Native Tool Proficiency

Agents leverage executable code (Python scripts, grep, awk, etc.) and terminal commands for precise, deterministic text retrieval and manipulation, replacing passive semantic similarity search

Long-Context Task Suite

Evaluation framework covering long-context reasoning, retrieval-augmented generation, and open-domain QA benchmarks with corpora ranging to 3 trillion tokens

Results

Benchmark Category	Prior SOTA	Coding Agents	Delta
Long-Context Reasoning	Prior SOTA	New SOTA	+17.3% avg across benchmarks
Retrieval-Augmented Generation	Semantic Search / Extended Window	Coding Agent	Part of +17.3% avg improvement
Open-Domain QA (up to 3T tokens)	Semantic Search Baselines	Coding Agent	Part of +17.3% avg improvement

Key Takeaways

Practitioners building long-context applications should consider coding agents with file-system-organized corpora as a practical alternative to vector databases or extended context windows—especially for very large-scale corpora where window scaling is infeasible
Off-the-shelf coding agents (e.g., GPT-4-based code agents) can be repurposed for long-context NLP tasks without fine-tuning, lowering the barrier to building high-performance long-context systems
The key design insight is to treat text corpora as file systems and retrieval/reasoning as programming tasks, enabling agents to use grep, indexing scripts, and other shell utilities that are more precise and scalable than semantic similarity search

Abstract

Large Language Models (LLMs) have demonstrated remarkable progress in scaling to access massive contexts.
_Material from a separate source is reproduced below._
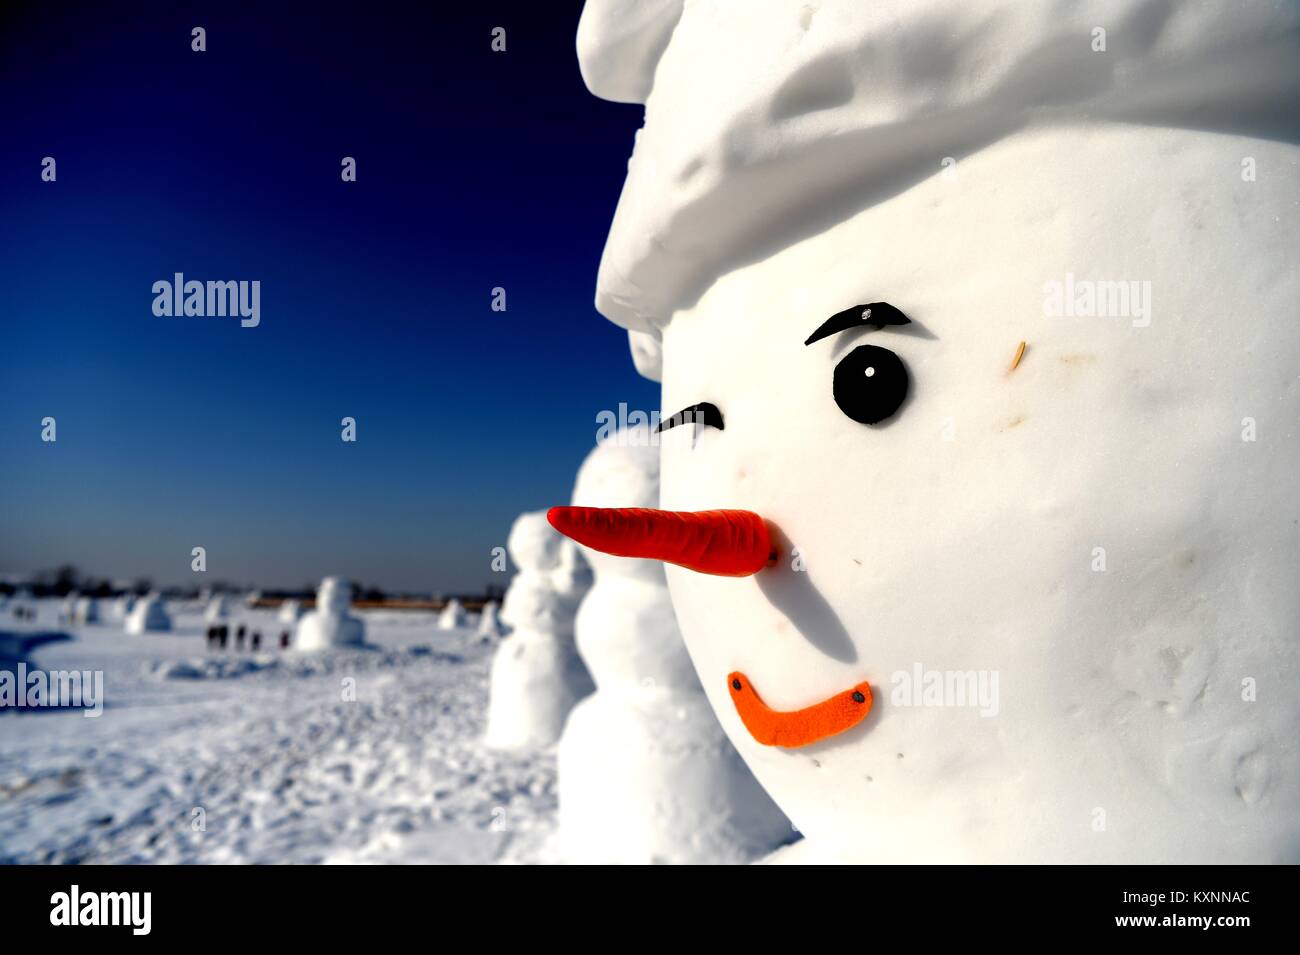 Harbin, Heilongjiang Provinz Chinas. 11 Jan, 2018. Schneemann Skulpturen sind bei einem Eis und Schnee Park in Harbin, der Hauptstadt der Provinz Heilongjiang im Nordosten Chinas, Jan. 11, 2018 gesehen. Insgesamt 2.018 niedliche Schneemänner wurden hier im Jahr 2018 zu begrüßen. Credit: Wang Kai/Xinhua/Alamy leben Nachrichten Stockfoto

However, the access is via the latent and uninterpretable attention mechanisms, and LLMs fail to effective process long context, exhibiting significant performance degradation as context length increases. In this work, we study whether long-context processing can be externalized from latent attention into explicit, executable interactions, by allowing coding agents to organize text in file systems and manipulate it using its native tools. We evaluate off-the-shelf frontier coding agents as the general interface for tasks that require processing long contexts, including long-context reasoning, retrieval-augmented generation, and open-domain question answering with large-scale corpus contains up to three trillion tokens. Across multiple benchmarks, these agents outperform published state-of-the-art by 17.3% on average. We attribute this efficacy to two key factors: native tool proficiency, which enables agents to leverage executable code and terminal commands rather than passive semantic queries, and file system familiarity, which allows them to navigate massive text corpora as directory structures. These findings suggest that delegating long-context processing to coding agents offers an effective alternative to semantic search or context window scaling, opening new directions for long-context processing in LLMs.